What you are asked to do - Since the listing below shows pictures, leave them out and write out exactly the lines from the line with "Beautiful actress Deepika" to the line with "Антикварные чайные ложечки из серебра", both included, and no others.

Extracted material -
━━━━
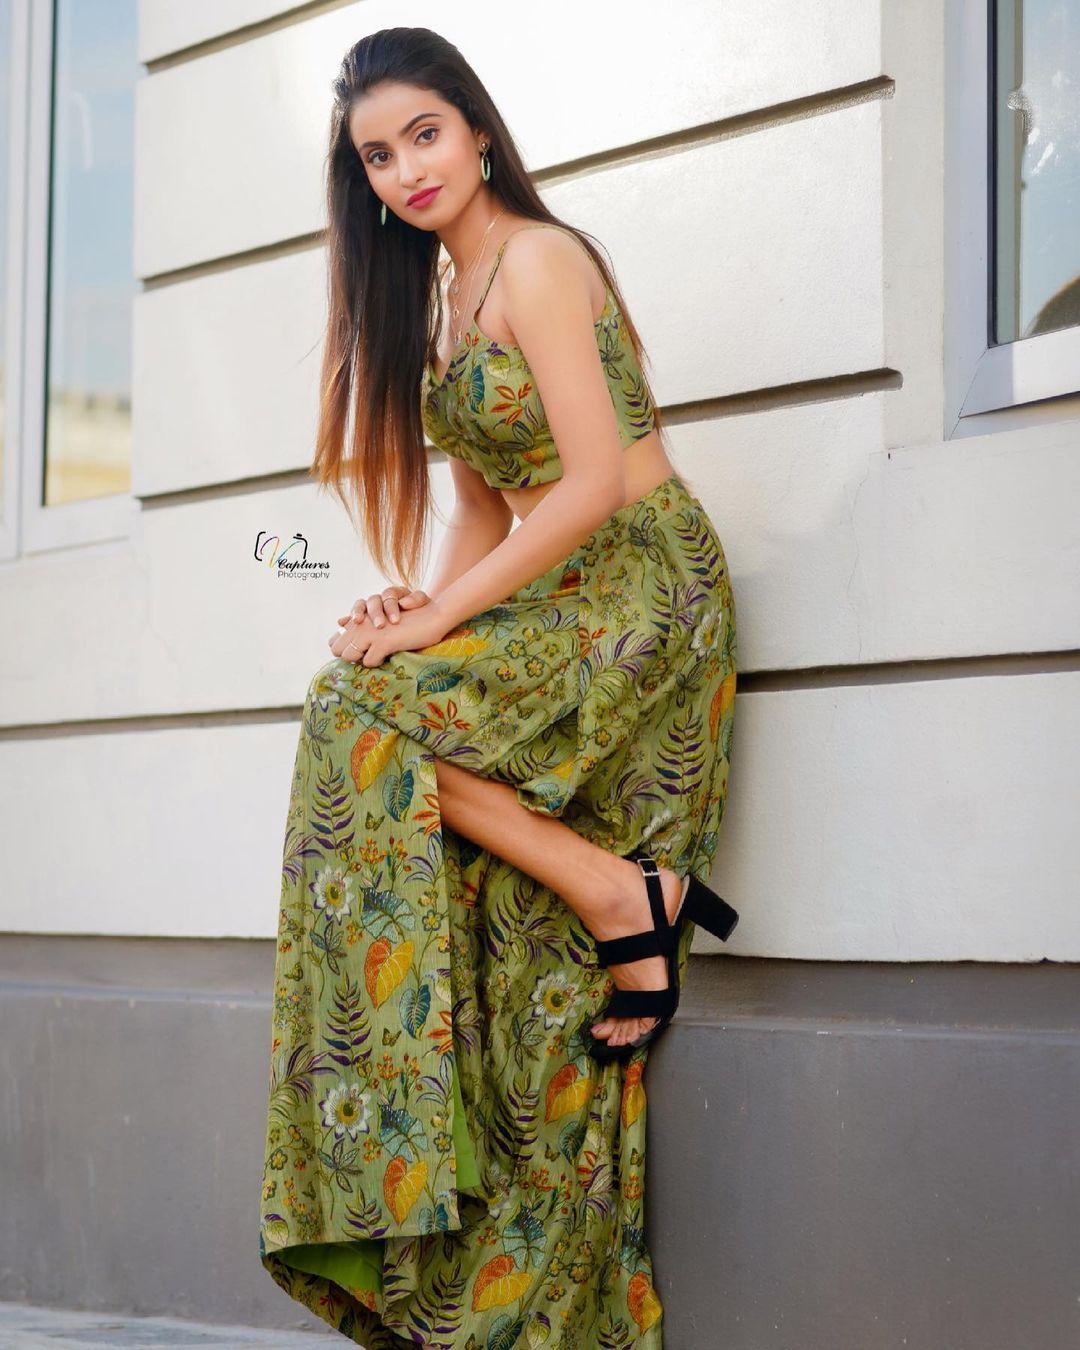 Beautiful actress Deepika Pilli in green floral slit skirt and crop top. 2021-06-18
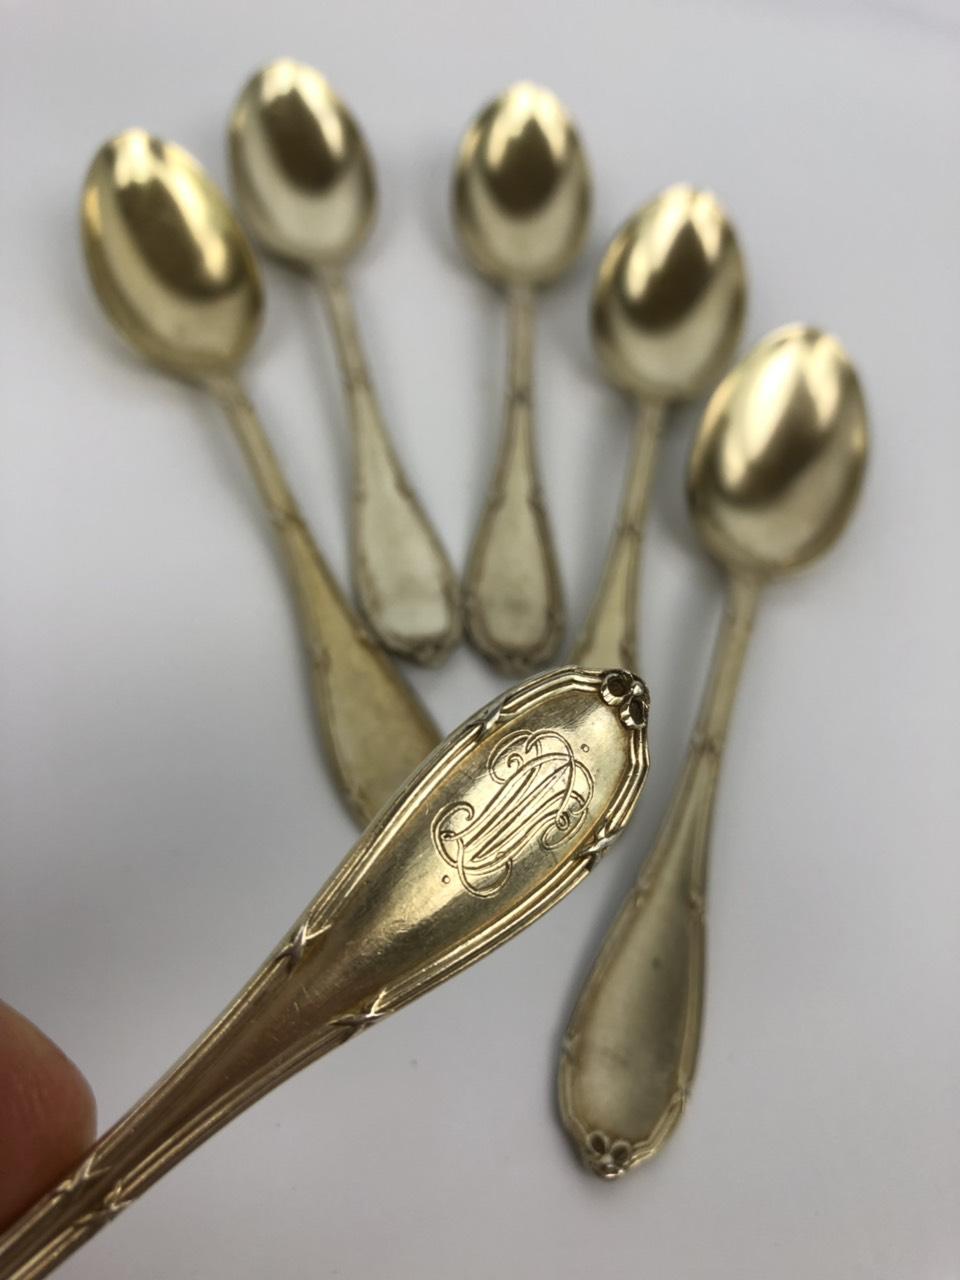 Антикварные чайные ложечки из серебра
━━━━
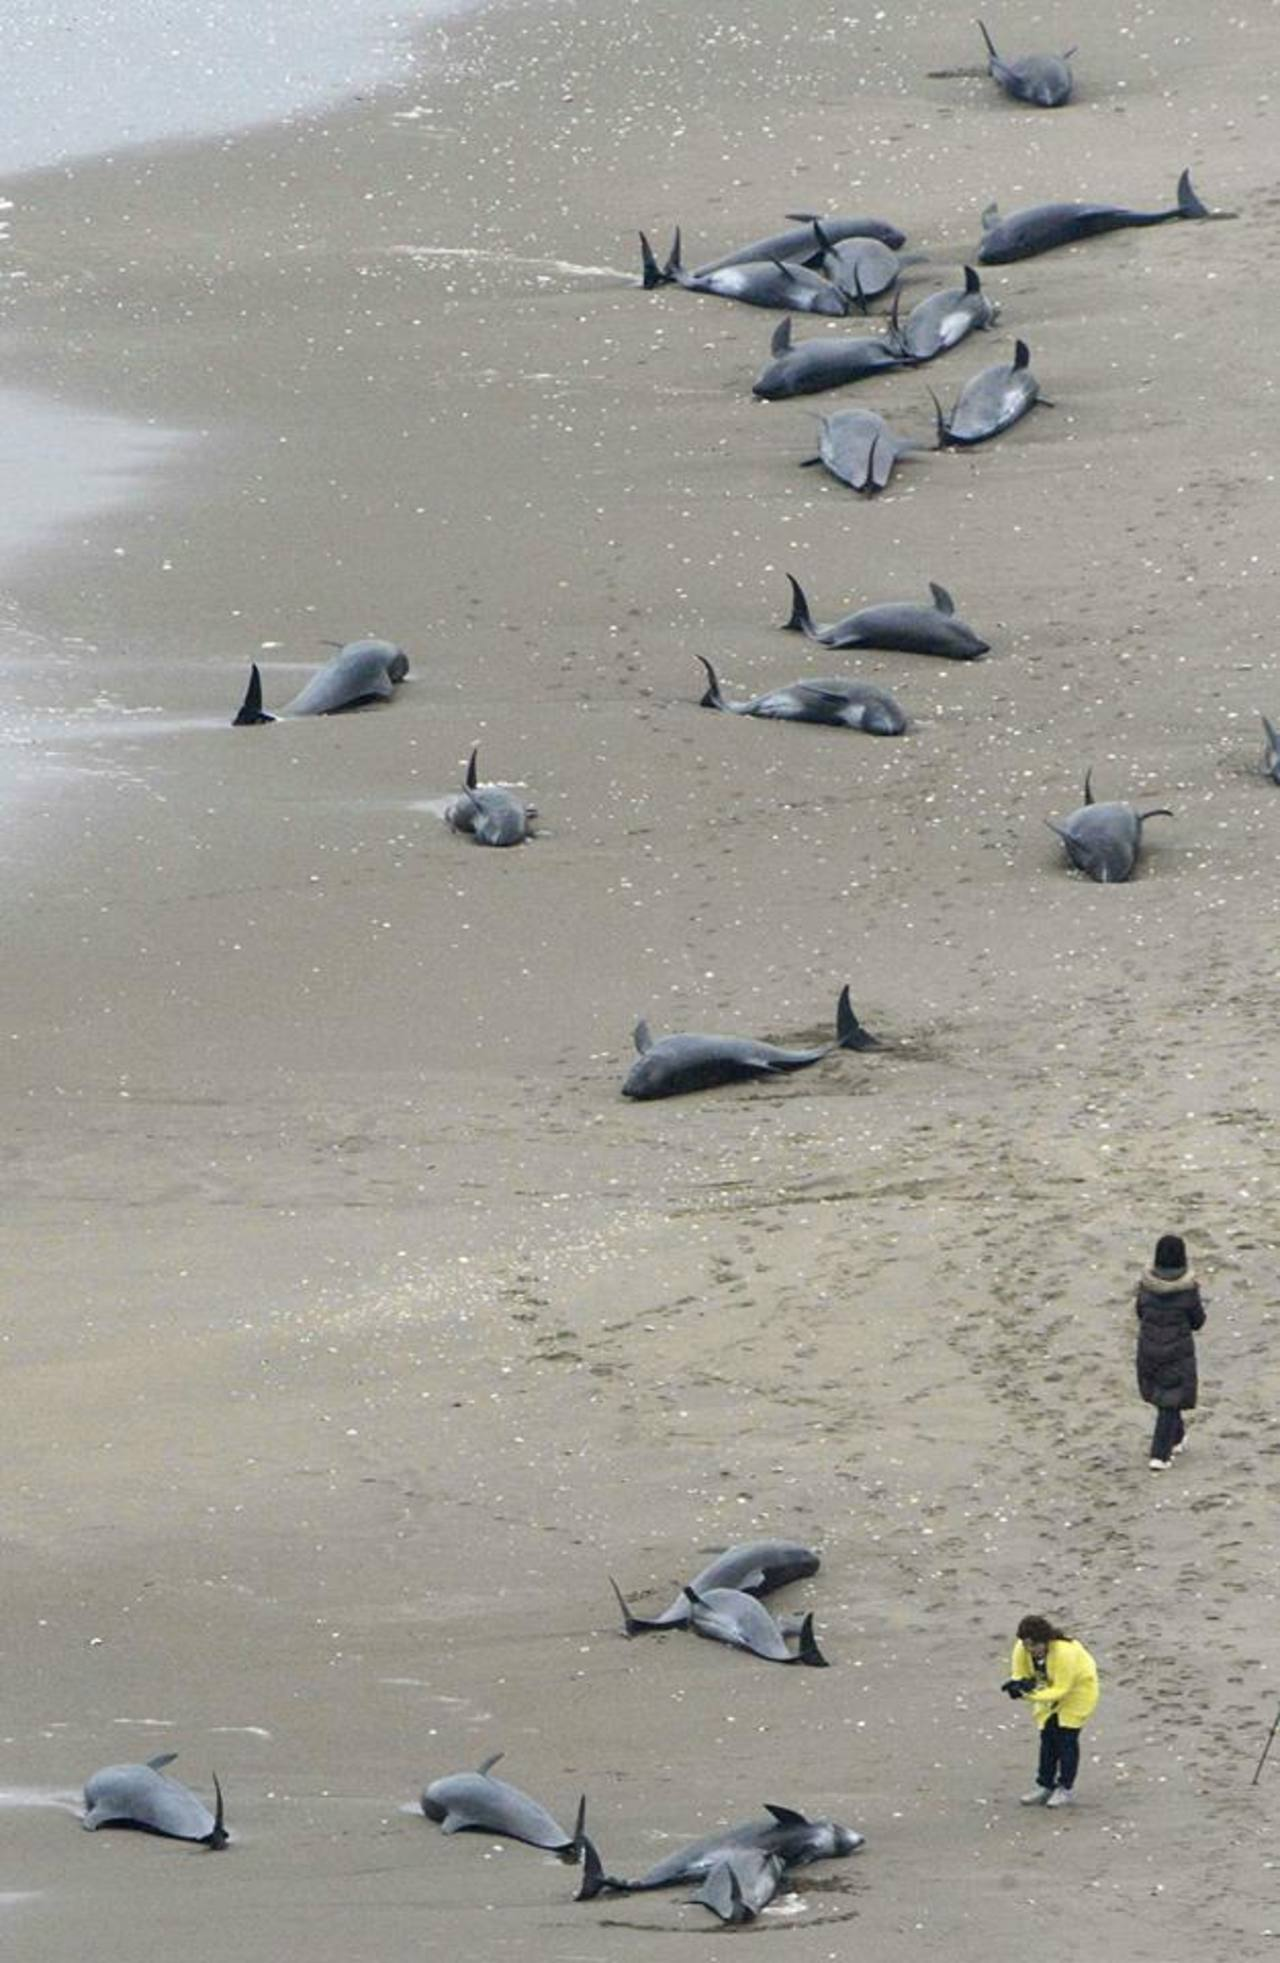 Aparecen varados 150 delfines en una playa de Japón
━━━━
Solution for this task -
 Beautiful actress Deepika Pilli in green floral slit skirt and crop top. 2021-06-18
 Антикварные чайные ложечки из серебра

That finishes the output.